Tesla’s massive Nevada Gigafactory has started producing lithium-ion battery cells in mass capacity, with the aim of supplying products including the upcoming Model 3 electric vehicle and the Powerwall 2 home energy supply unit, and the Powerpack 2 commercial solar energy storage product. It’s a big step for the automaker, since production volume of the batteries it produces with partner Panasonic will be a key choke point in terms of ramping production and making good on Model 3 delivery timelines.

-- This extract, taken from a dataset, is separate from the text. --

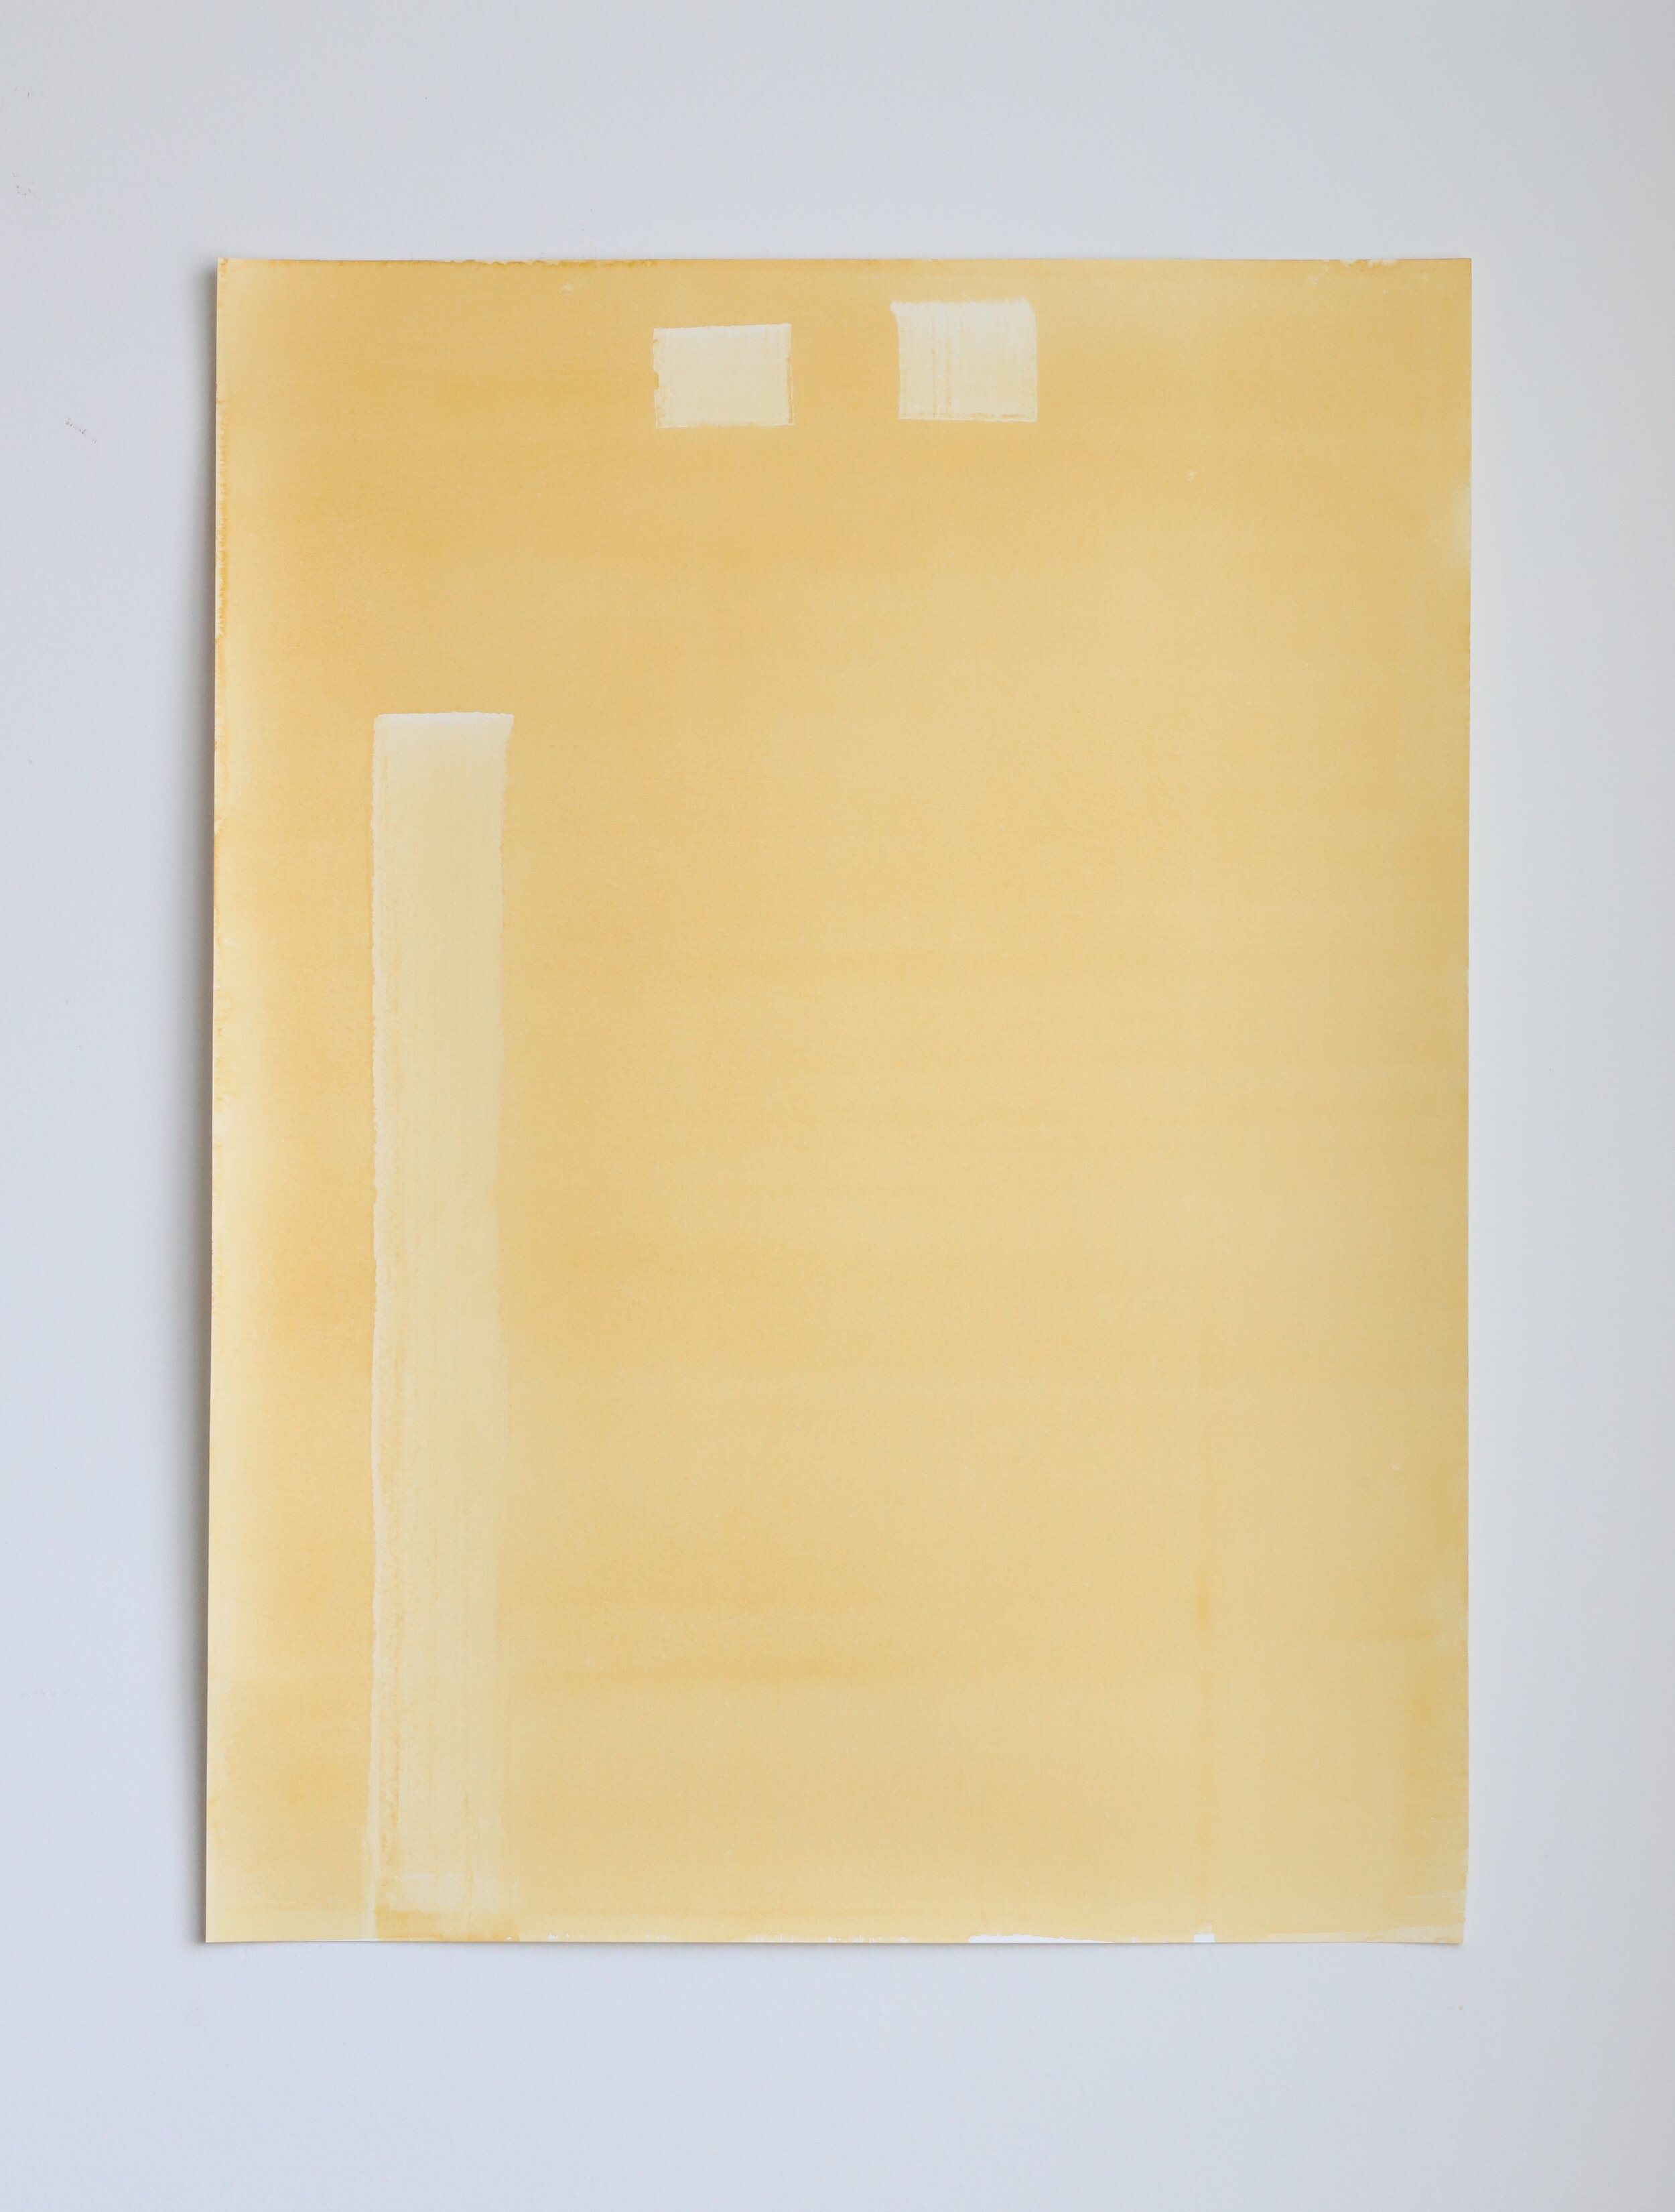  Joyce, watercolor on paper, 61x46cm, 2019

The Gigafactory officially held its grand opening last year, but its focus thus far has been on assembling prior products like the original Powerwall, and preparing the facility for production of next-gen products at scale; Panasonic and Tesla’s new jointly designed cylindrical 2170 cells in particular, which is aimed at optimizing performance for cost in a form factor that can be used both at home and in vehicles. Production of the 2170 for qualification, which is to say for testing and quality assurance purposes ahead of mass production, started in December.
Starting today, cells made in the Gigafactory will be used in production Powerwall 2 and Powerpack 2 unit, and the aim is to start building battery cells destined for Model 3 cars starting in the second quarter of 2017. Tesla says it aims to have capacity ramped to the point where it’s production of lithium-ion cells tops 35 GWh/year, which is almost at the current electric battery production capacity of all the world’s suppliers combined.
While the Gigafactory is operational, it is far from complete – the design Tesla used allows it to open different phases for business as construction finishes on each, which is what will help them use it to build production batteries now, but also scale to much greater production capacity over time. At the current stage, the factory is under 30 percent done, yet still manages to occupy 1.9 million square feet, Tesla says, with interior operational space of 4.9 million square feet total because of how it’s using different floors.
The Gigafactory is looking to not only satisfy Tesla’s growing demand in terms of volume, but also drop the individual cost of batteries through se of automated production capacity, and improved processes that will result in fewer units being discarded for defects and failure to meet standards after they’re produced. Tesla also notes that despite its use of highly-automated production line tech, the Gigafactory will itself eventually employ 6,500 people directly.
Tesla reported Tuesday that it built 83,922 vehicles across 2016, but delivered 76,230, under its target of 80,000 for the year. It cited missed shipping cut-offs and also production challenges caused by the shift to Tesla HW2 sensor packages in Model X and S vehicles, which changes the sensor and on-board computing load out to pave the way for eventual introduction of full self-driving features. Still, boosted battery production will definitely contribute to Tesla being able to meet its goals in the future.